Боксеры в противоположных концах ринга развалились на табуретах, опершись шеей на веревки, вытянув ноги. Менеджер негра показал арбитру огромные перчатки, затем стал их натягивать на руки боксера, забинтованные в белое, точно после пореза. Негр слушал наставления менеджера, сияя все той же радостной улыбкой. Арбитр вышел на средину ринга и поднял руку. Вдруг наступила совершенная тишина. Противники подошли к арбитру. Он представил их публике, указав вес каждого, и монотонно прочел что-то длинное, скучное. Когда он кончил, боксеры прикоснулись обеими перчатками каждый к перчаткам противника, — это означало рукопожатие, — мгновенным взглядом, с ног до головы, осмотрели друг друга, — негр больше не улыбался, — затем разошлись по углам. Арбитр озабоченно обменялся замечаниями, через барьер, с одним из судей, который с листком бумаги в руке сидел в средине первого ряда. Менеджеры, суаньеры, служители покинули ринг. Тишина становилась все страшнее. Дамы настраивались на пренебрежение, но сердца у них колотились. Елена Федоровна поправилась на стуле, нервно обмахиваясь веером. Вдруг прогремел гонг, арбитр произнес какое-то английское слово, боксеры выбежали на средину ринга. Табуреты исчезли.

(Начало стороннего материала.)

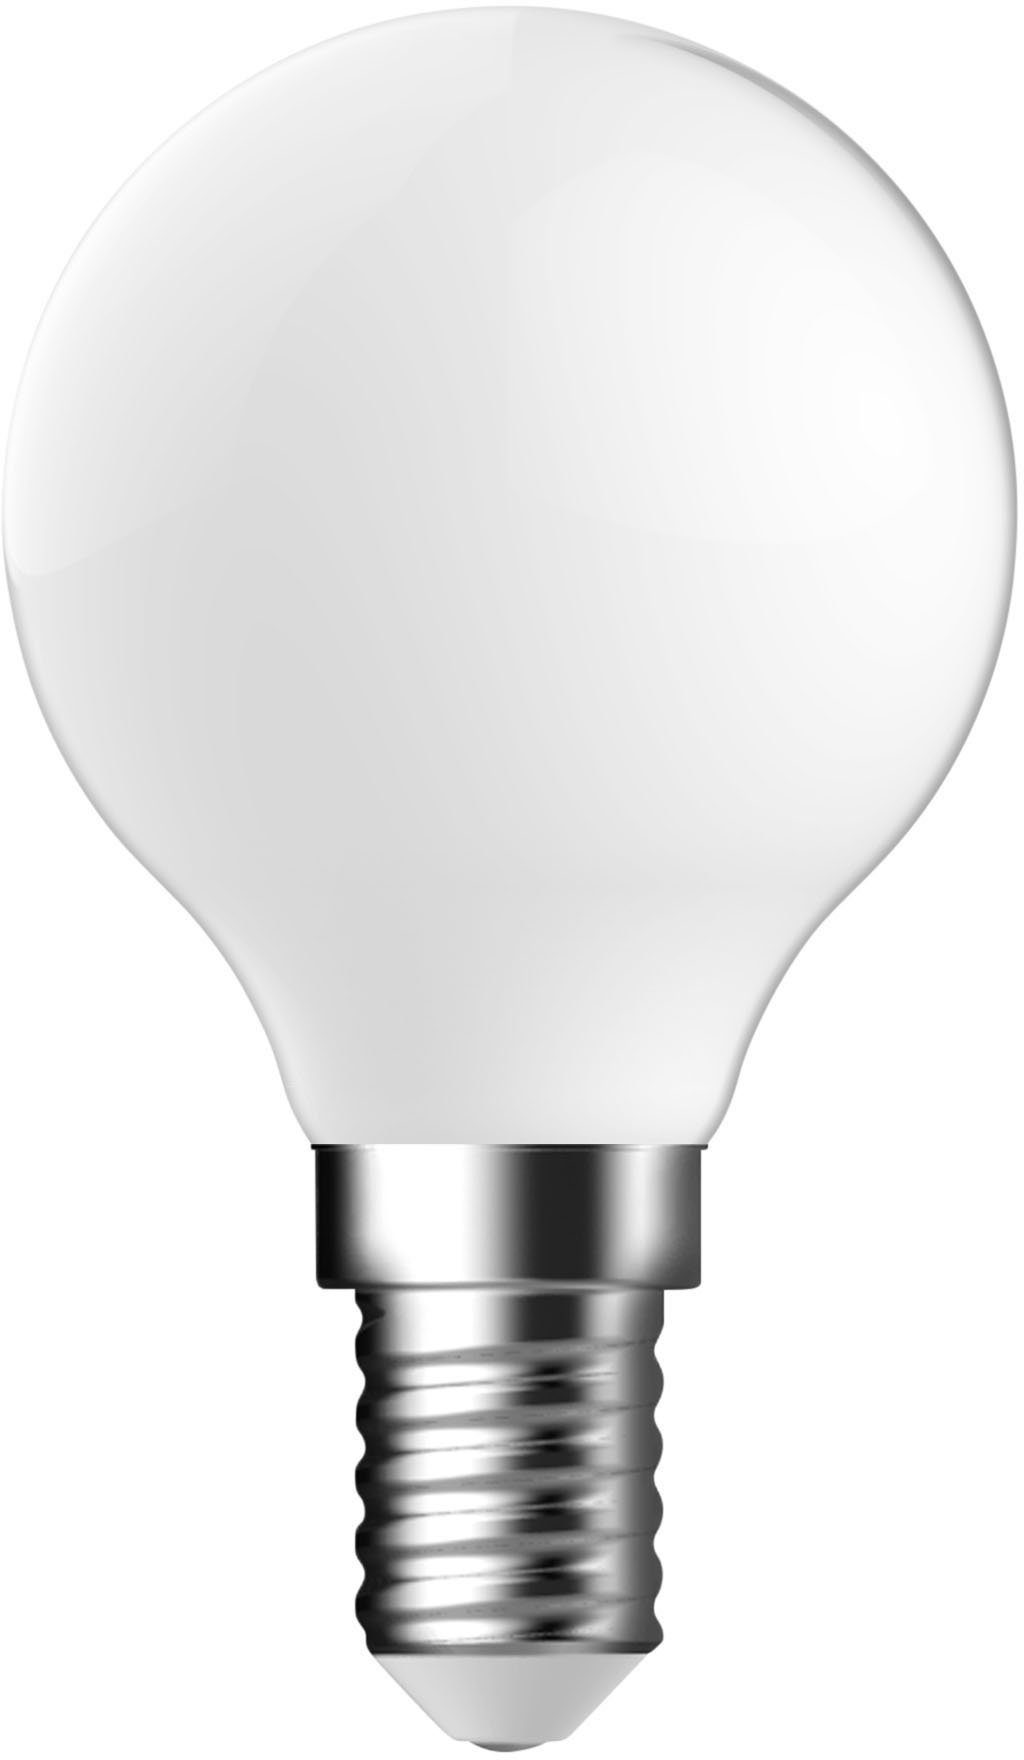 Nordlux LED-Leuchtmittel Paere, 6 St., Set mit 6 Stück, je 2,5 Watt

Клервилль, в свое время интересовавшийся боксом, за годы войны отстал от этого дела. Однако ему сразу стало ясно, что черный боксер принадлежит к новой американской школе, о которой он читал и слышал. Негр стал меньше ростом, точно горилла, опустившаяся на четвереньки. Правая нога его, согнутая в колене, была отставлена назад гораздо дальше, чем полагалось. Он подпрыгивал, как длинный хищный зверь. Обе руки его в почти одинаковом положении были на уровне головы. Маленькие злые глазки снизу вверх впились в глаза англичанина, который начал бой в классической позе, чуть вдавив голову в плечи, вытянув вперед левую руку и ногу. Клервилль расценивал некоторые преимущества новой системы. «Защищен положением тела, парировать можно меньше, обе руки освобождаются для нападения…» Но эта школа ему не нравилась, казалась не изящной, не рыцарской, не английской. Клервилль вдруг почувствовал, что был бы очень огорчен победой негра. Прежде подобная мысль неприятно его удивила бы, — он считал себя выше этого. Теперь было не так. В белом великане, в его старой классической манере боя, тоже было нечто свое, чем дорожить не мешало, — та самая старая Англия, что и в соседях по ложе.
Боксеры, непрерывно меняя положение на ринге, обменивались ударами. Однако чувствовалось, что удары еще не настоящие. Противники только изучали друг друга. «Знакомятся», — страстным шепотом пояснил Мишель, изучавший с напряженным вниманием каждое движение знаменитых боксеров. «Конечно, знакомиться можно и так, — думал Дон Педро, — но у меня вот, например, от этого знакомства по животу немедленно сделался бы перитонит… Господи, какие идиоты!..»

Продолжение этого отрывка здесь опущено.